AR Glossary

What is a Past Due Invoice?

A past due invoice is an invoice that has not been paid by its stated due date — the moment an accounts receivable becomes a collection problem requiring immediate action.

Past Due Invoice Explained

A past due invoice is an invoice whose payment deadline has passed without the creditor receiving payment. If an invoice has Net 30 terms and was issued on January 1st, it becomes past due on February 1st if unpaid. At that point, the amount is considered delinquent.

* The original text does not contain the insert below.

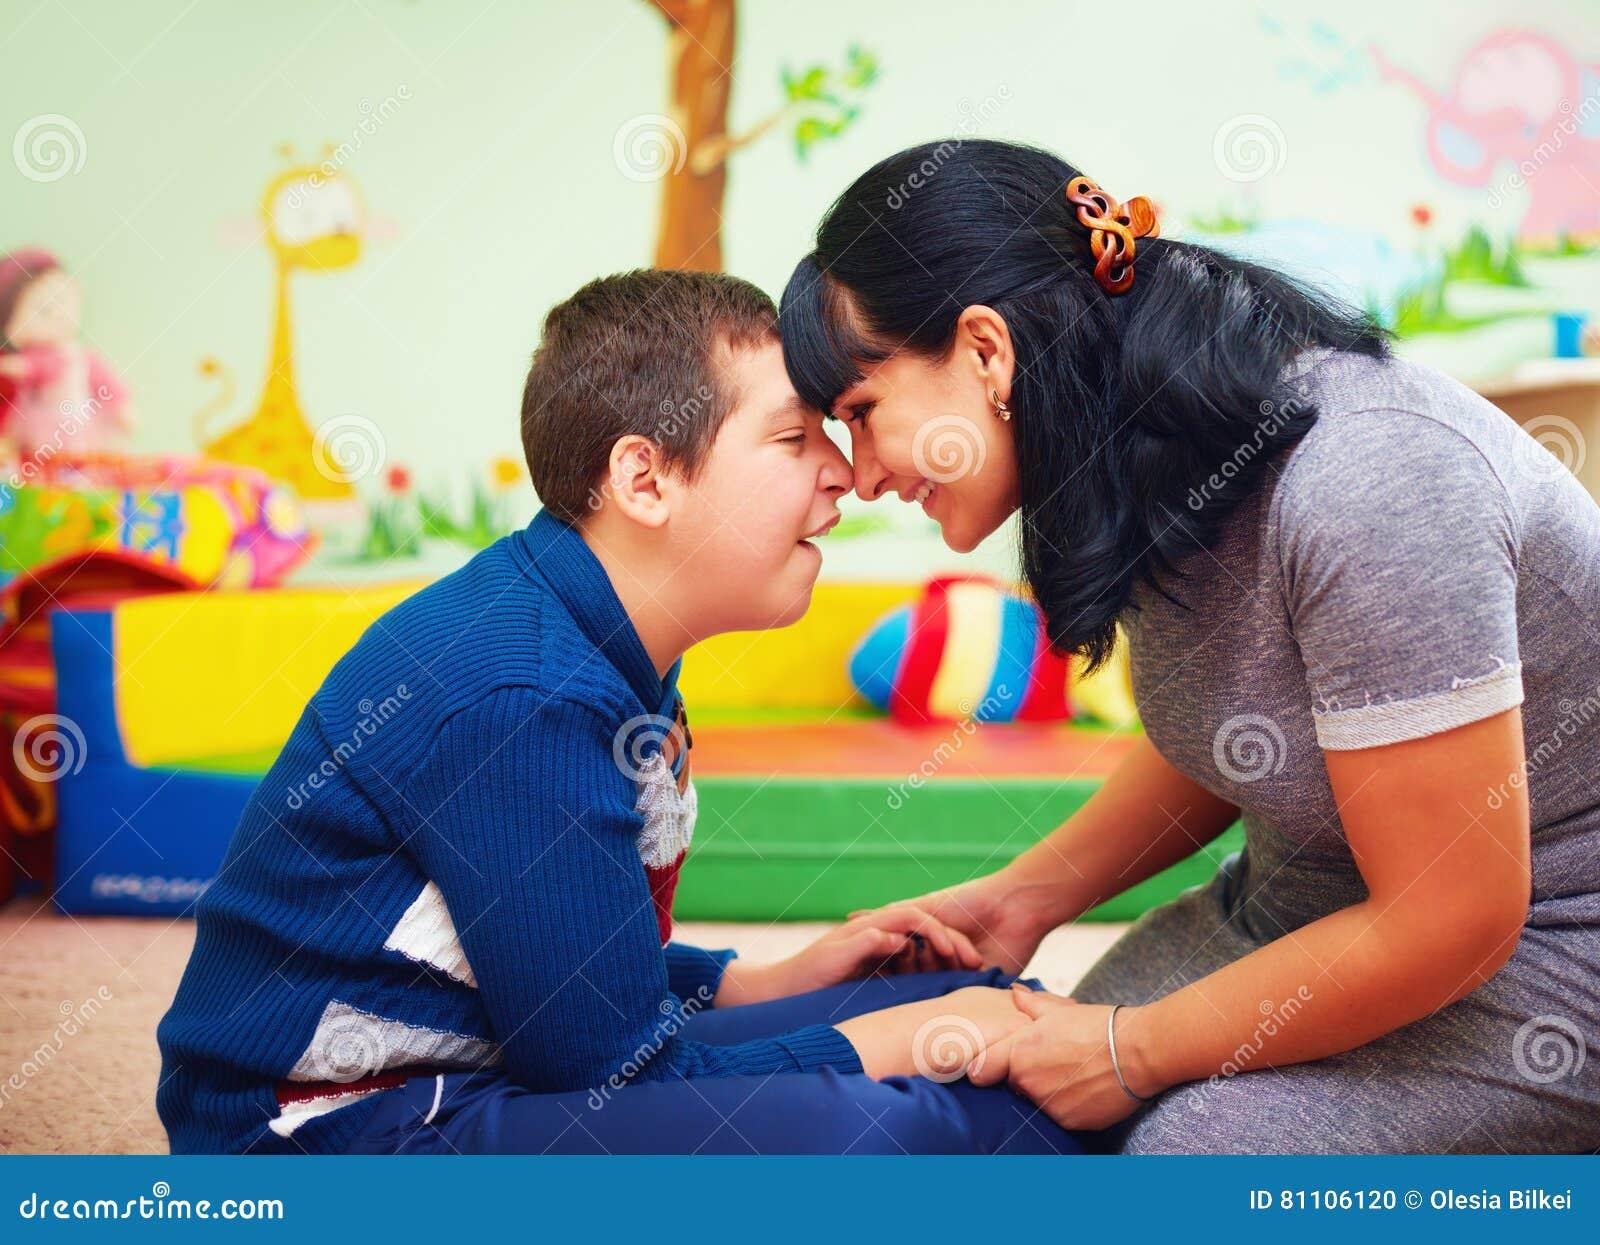 Gevoelvol ogenblik portret van moeder en haar geliefde zoon met handicap in revalidatiecentrum

Past due invoices are the starting point of every collections process. The moment an invoice goes past due, the clock starts ticking — and every day of delay reduces the probability of full collection. Industry data consistently shows that recovery rates drop sharply after 30, 60, and 90 days past the due date.

For B2B companies, past due invoices are a fact of life. On average, 10-15% of B2B invoices are paid late. The difference between companies with strong cash flow and those that struggle is not whether invoices go past due — it's how quickly and systematically they respond when they do.

What You Need to Know About Past Due Invoices

Past Due Invoice in Practice: B2B Example

Scenario: Accounting Firm

Invoice: $8,500 for quarterly bookkeeping services, Net 30 terms, due March 15.

Day 1 past due (March 16): Automated email reminder sent. "Your invoice #1247 for $8,500 was due yesterday."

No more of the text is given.